▶ Available data:

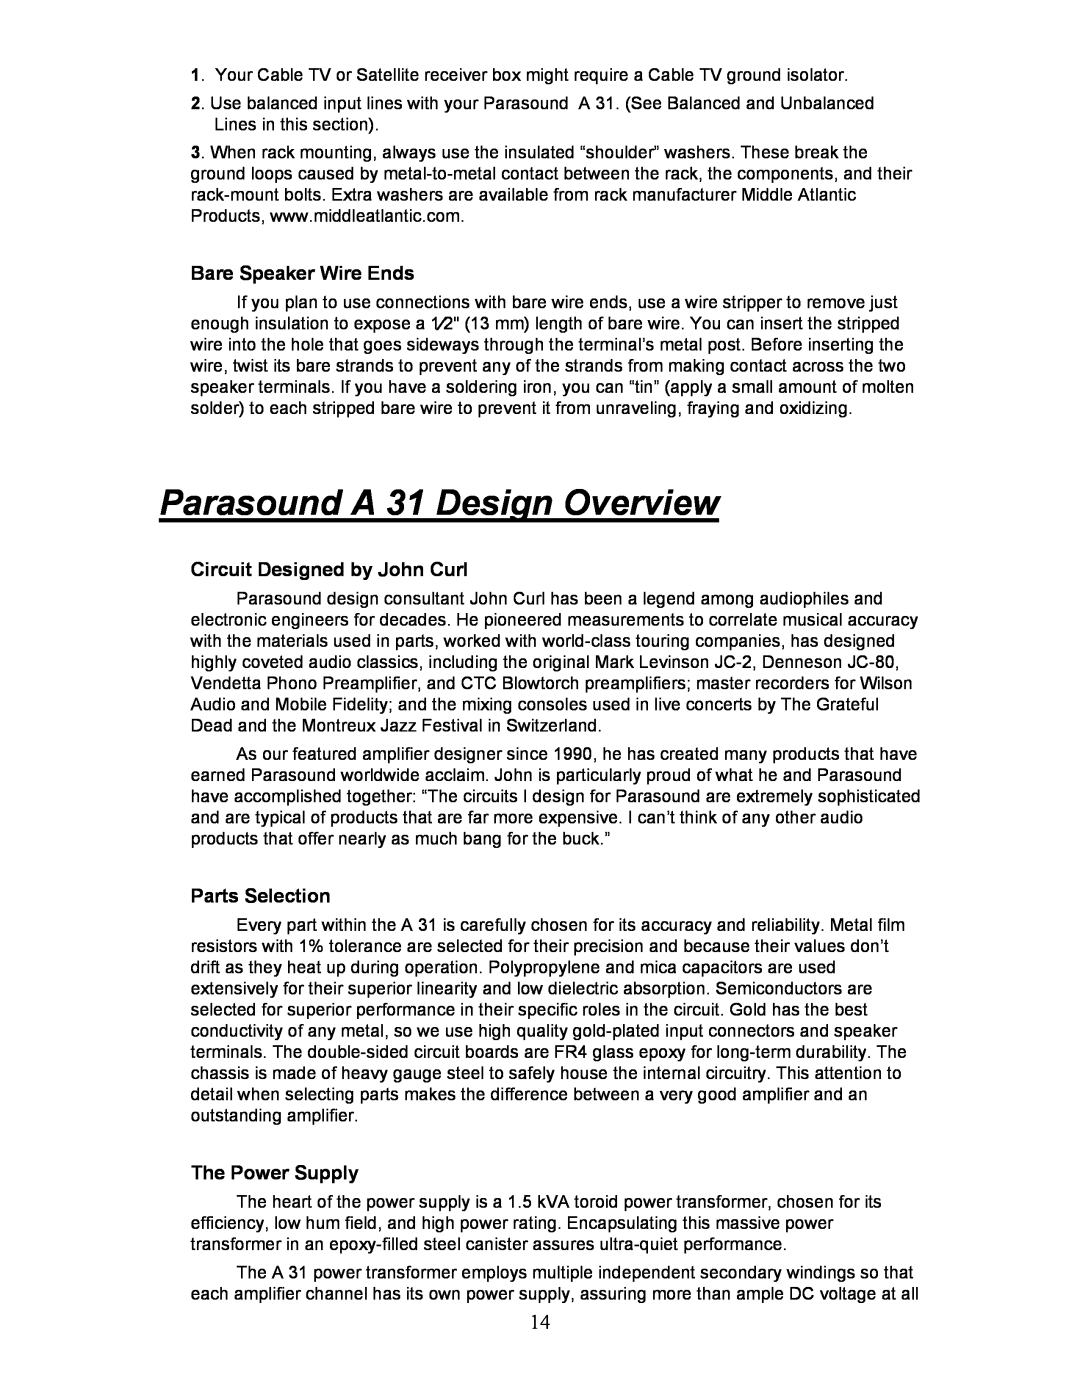 Parasound manual Parasound A 31 Design Overview, Bare Speaker Wire Ends, Circuit Designed by John Curl, Parts Selection 
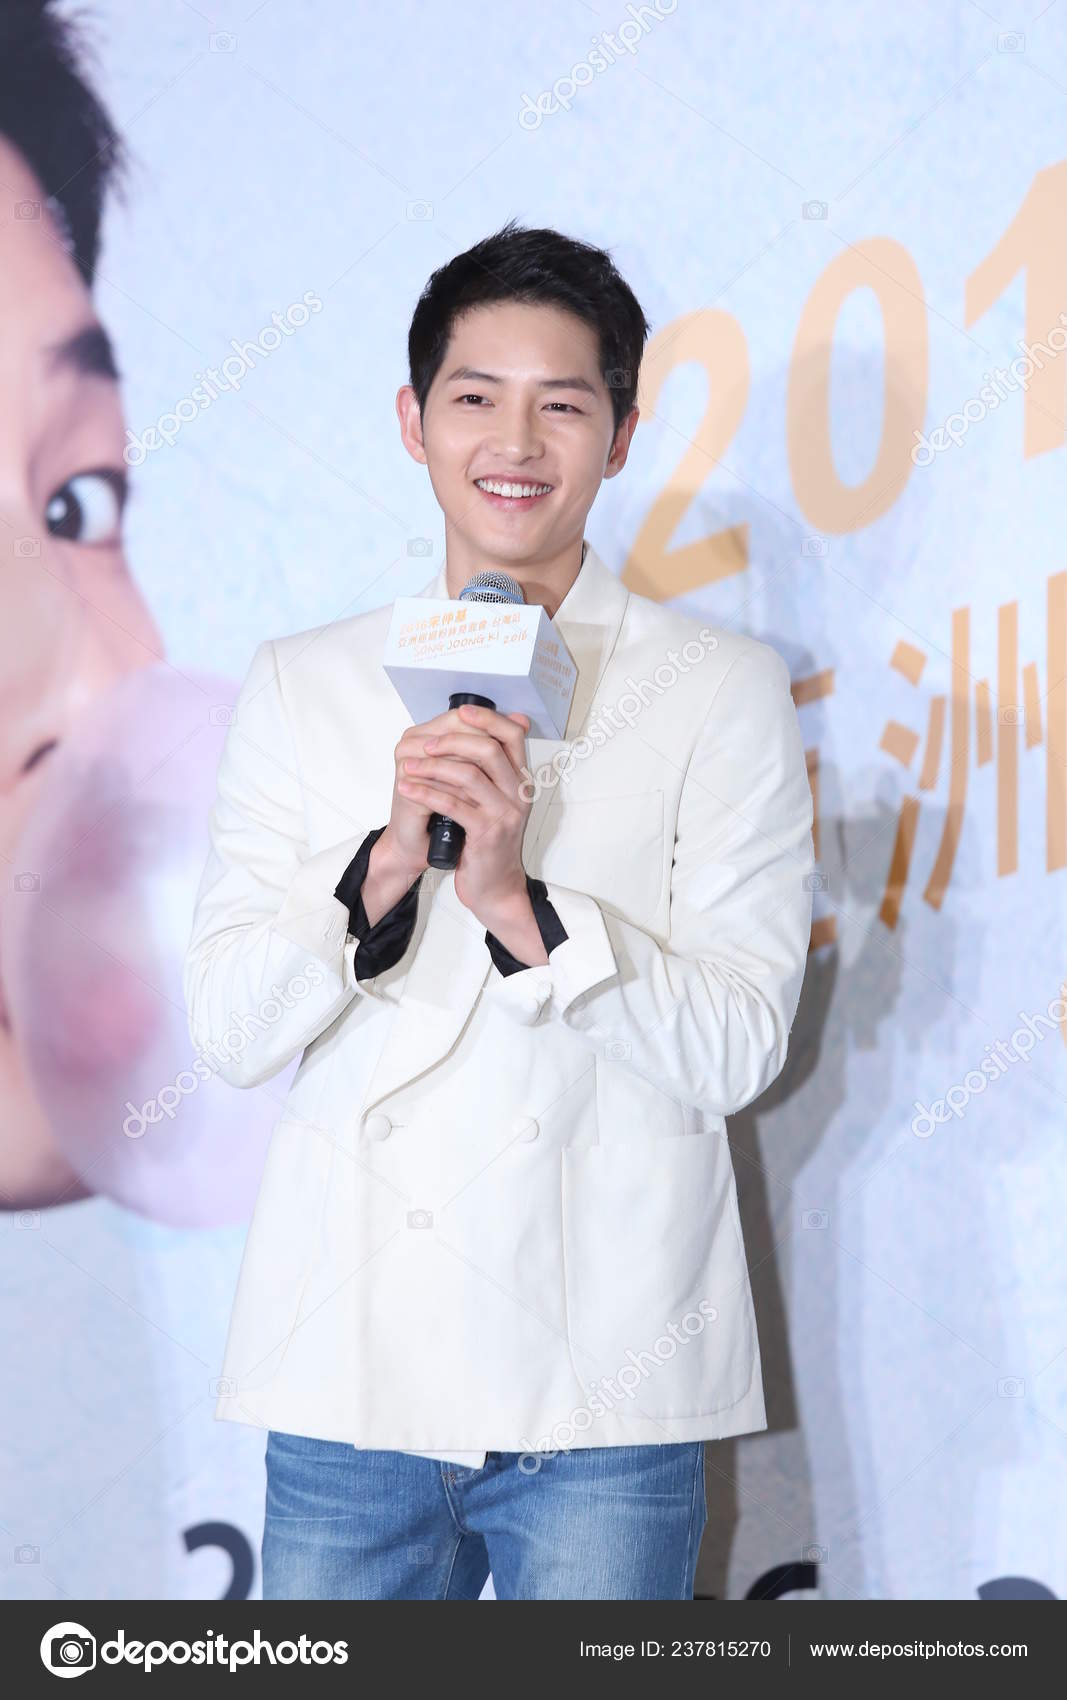 Song Joong Ki Meets His Character From “Descendants Of The Sun”
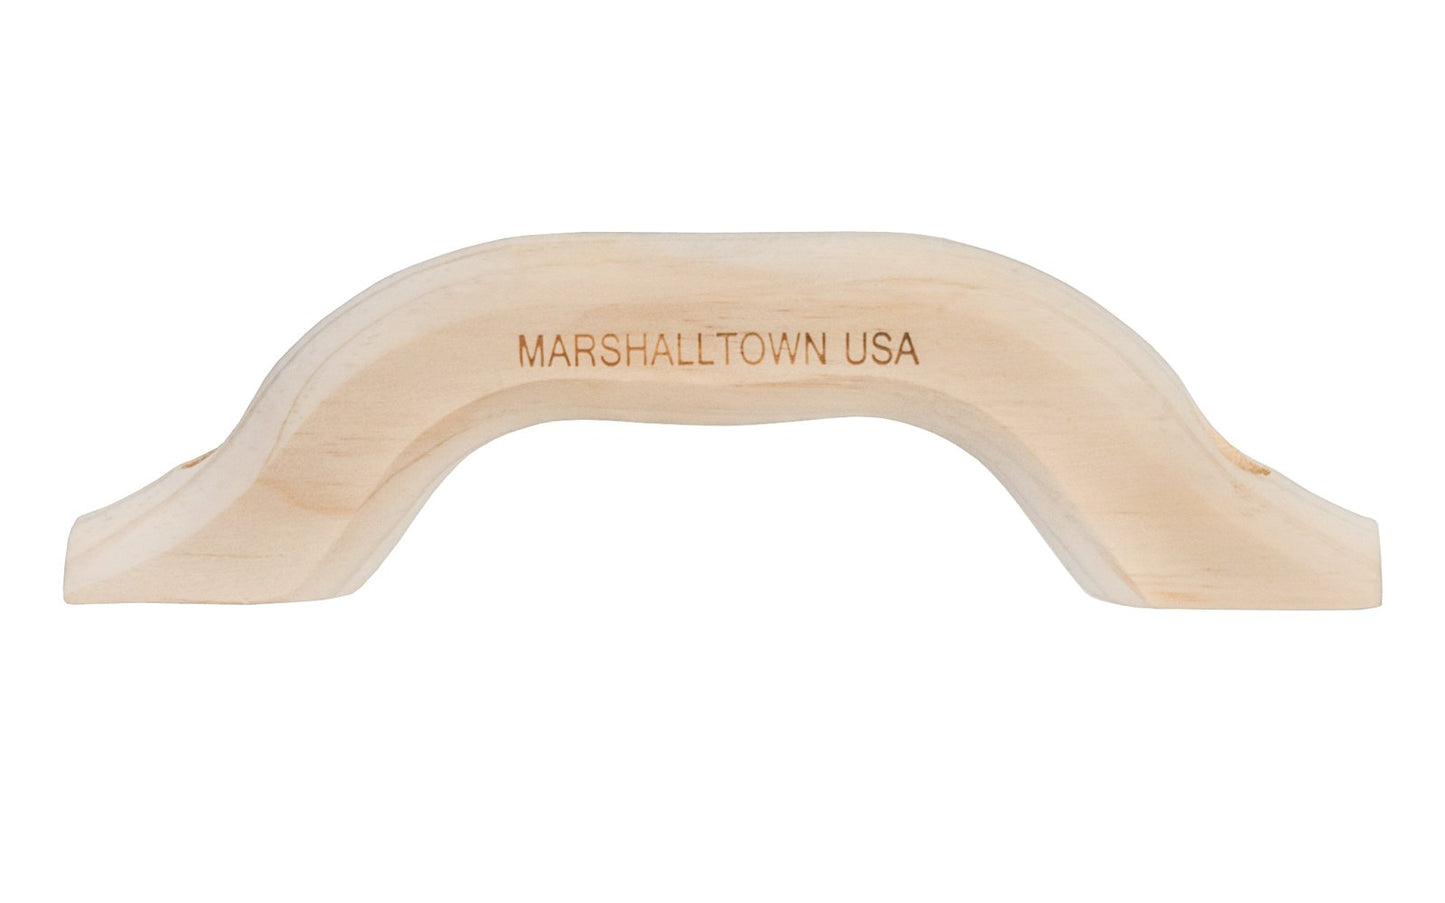 Made in USA - Marshalltown USA - The replacement Marshalltown Float Handles fit all of Marshalltown magnesium hand floats. Also used as a large wooden handle for other applications - 6-7/8" space of screw holes - Model No. 16M - 035965091121 - Large Wooden Handle - Wooden Barn Door Handle - Wood handle - Float Handle - 16M

▶ Work instruction:
Please retype all of the material exactly, skipping whatever images it holds.

▶ Worked solution:
 Parasound manual Parasound A 31 Design Overview, Bare Speaker Wire Ends, Circuit Designed by John Curl, Parts Selection 
 Song Joong Ki Meets His Character From “Descendants Of The Sun”
 Made in USA - Marshalltown USA - The replacement Marshalltown Float Handles fit all of Marshalltown magnesium hand floats. Also used as a large wooden handle for other applications - 6-7/8" space of screw holes - Model No. 16M - 035965091121 - Large Wooden Handle - Wooden Barn Door Handle - Wood handle - Float Handle - 16M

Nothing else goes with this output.